Task requirements: Reproduce exactly only the lines from the line that holds "Two popular slide" to the line that holds "Rookie Gonzales homers", inclusive, in the listing below, and please leave out every picture.

Raw data:
────────────────────────────────────────

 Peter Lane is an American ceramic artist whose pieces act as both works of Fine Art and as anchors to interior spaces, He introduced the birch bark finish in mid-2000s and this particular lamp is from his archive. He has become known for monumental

────────────────────────────────────────

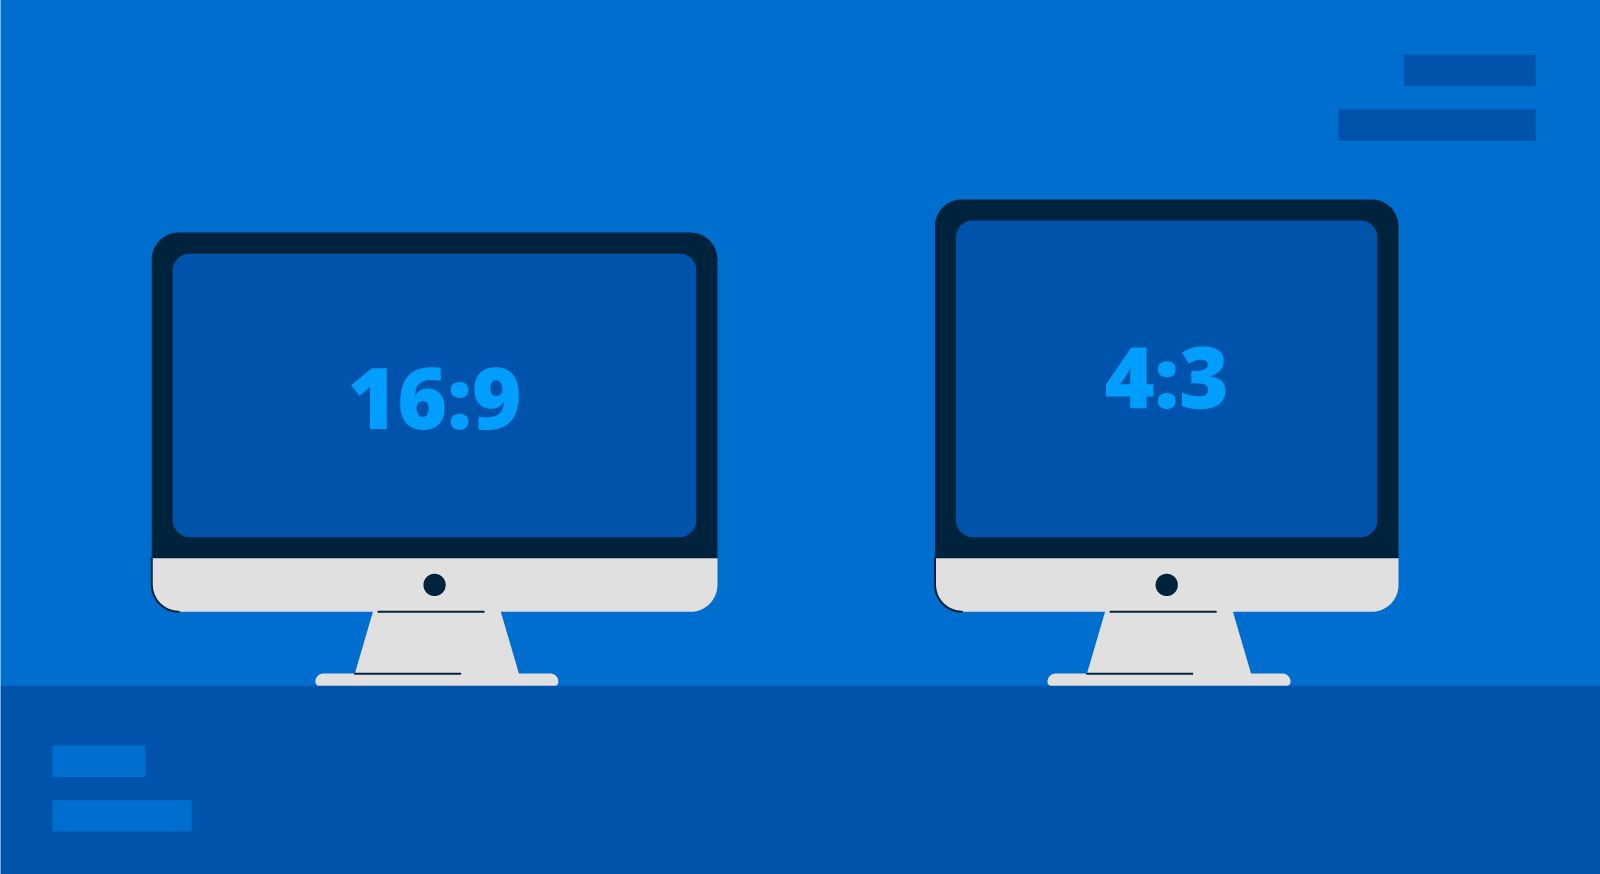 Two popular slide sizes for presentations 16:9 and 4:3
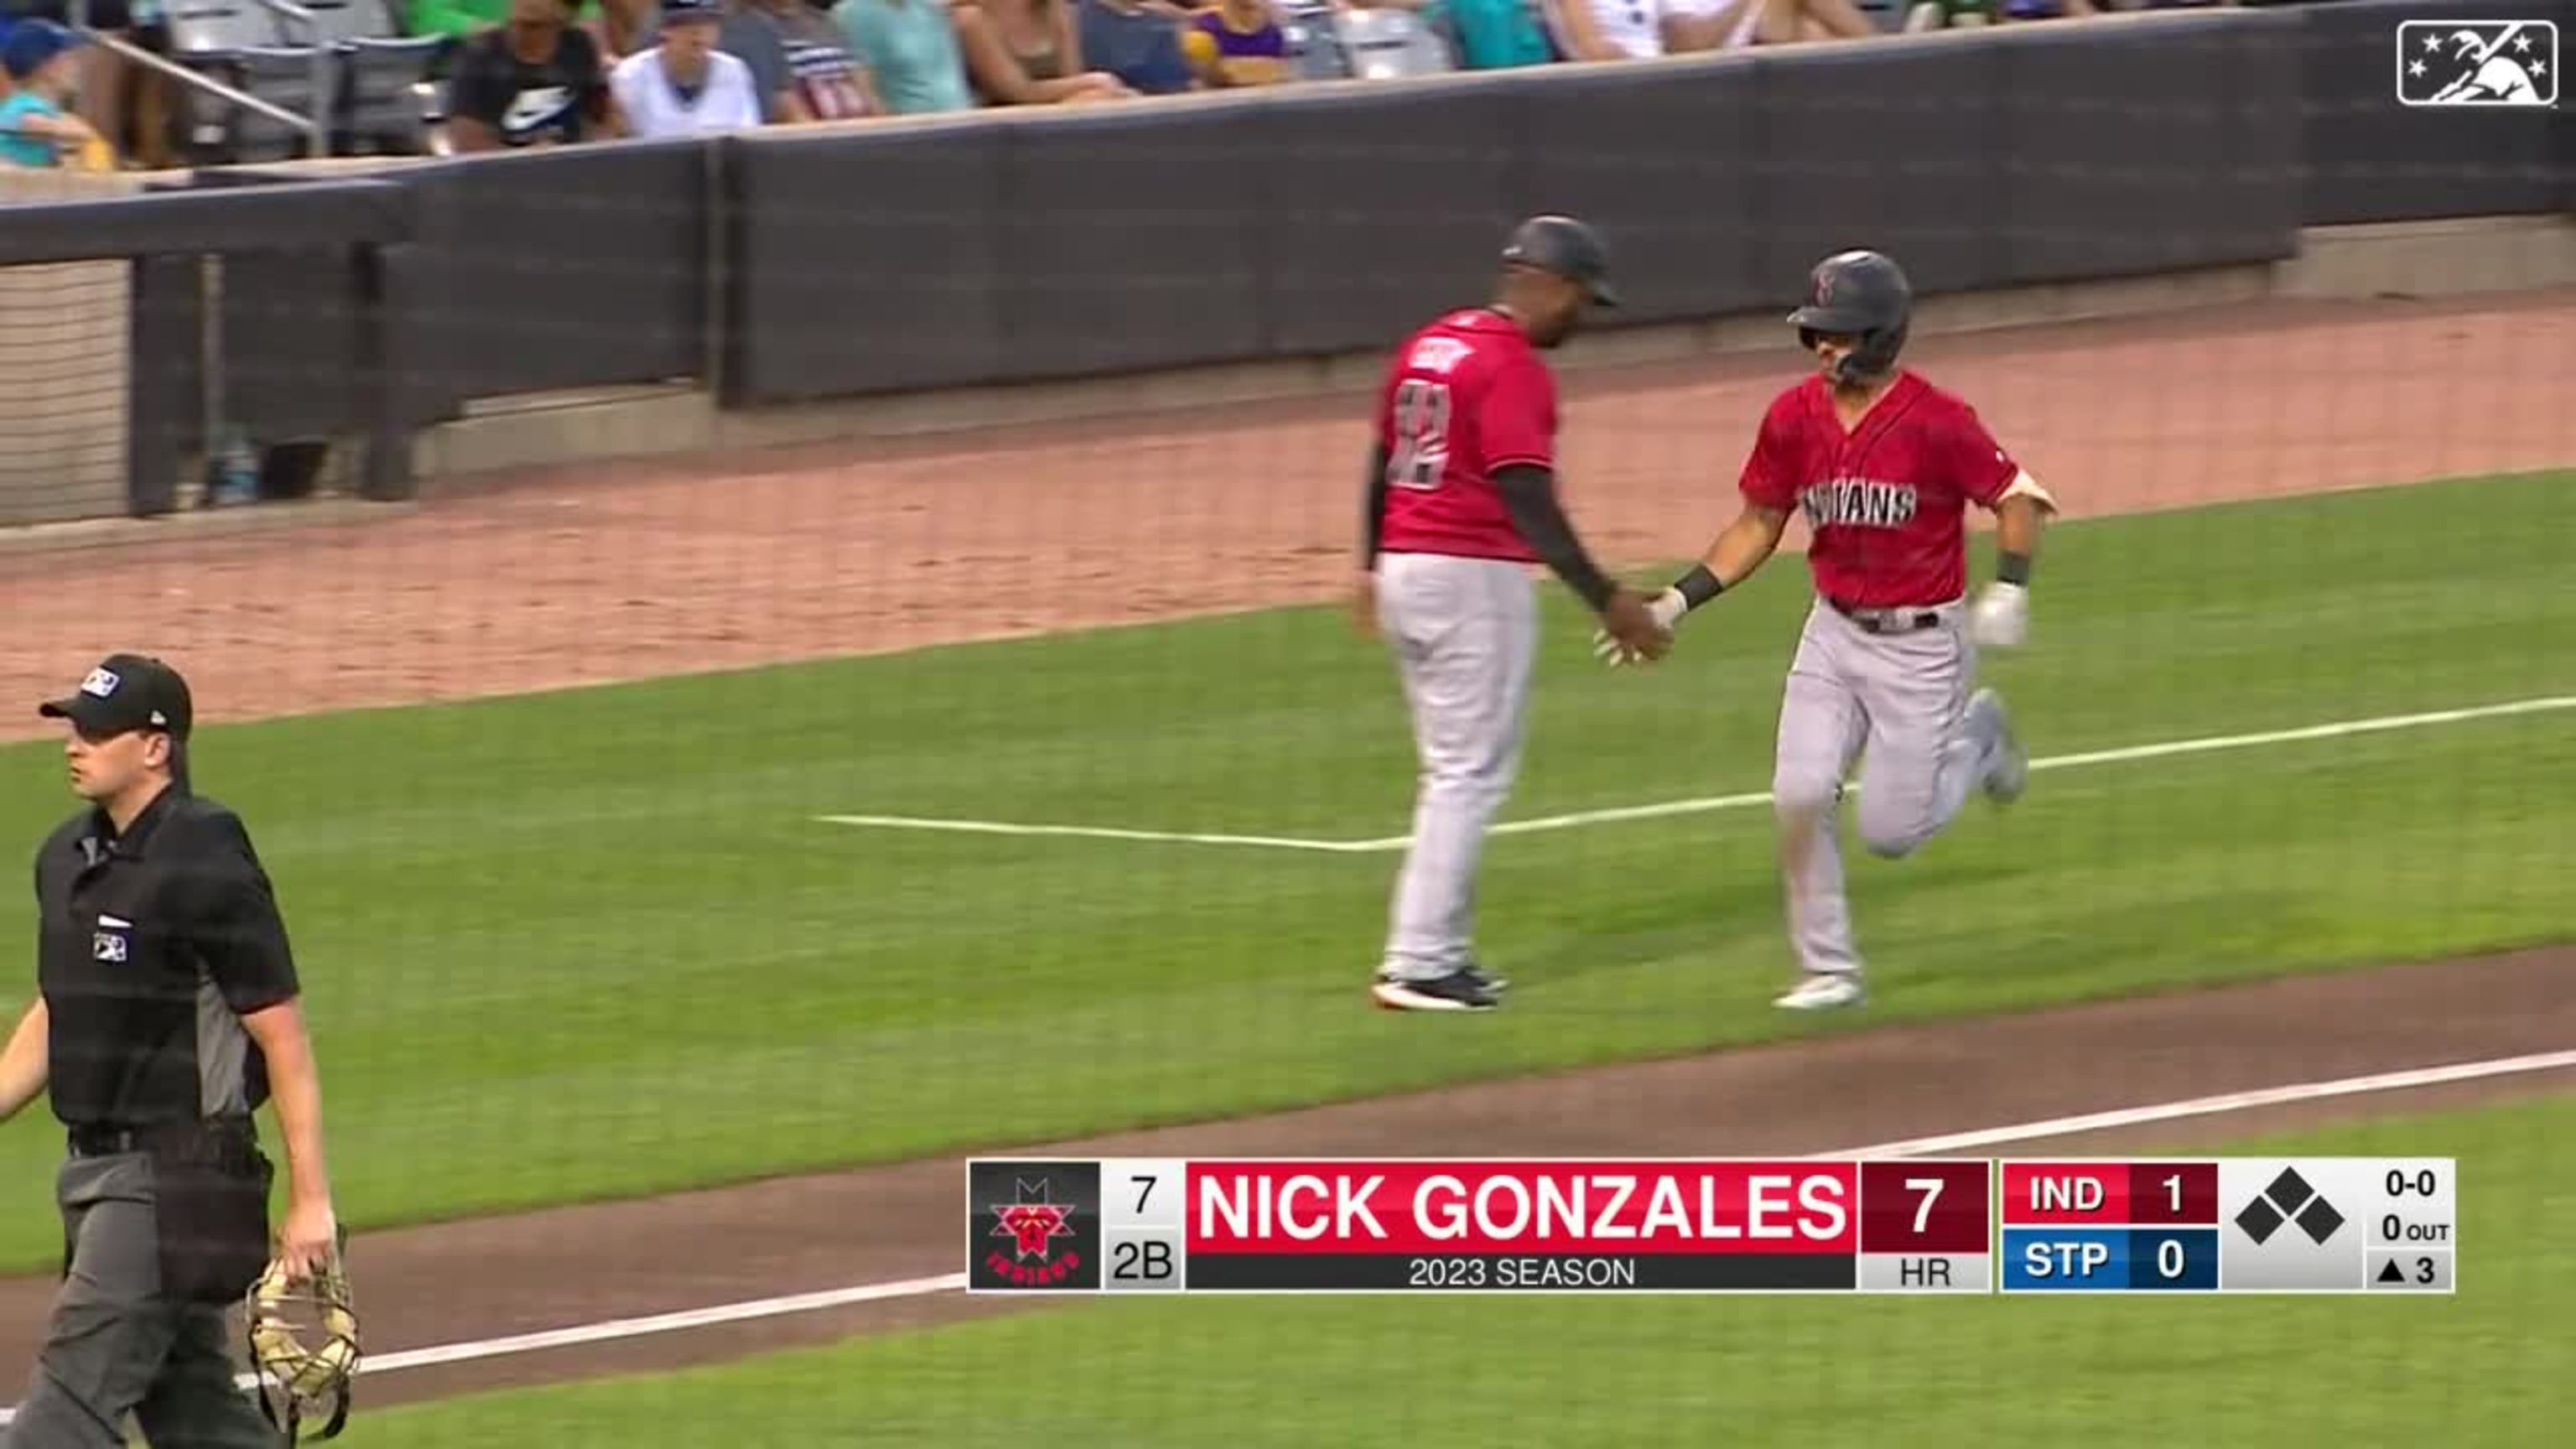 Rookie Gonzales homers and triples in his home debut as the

────────────────────────────────────────

Problem solution:
 Two popular slide sizes for presentations 16:9 and 4:3
 Rookie Gonzales homers and triples in his home debut as the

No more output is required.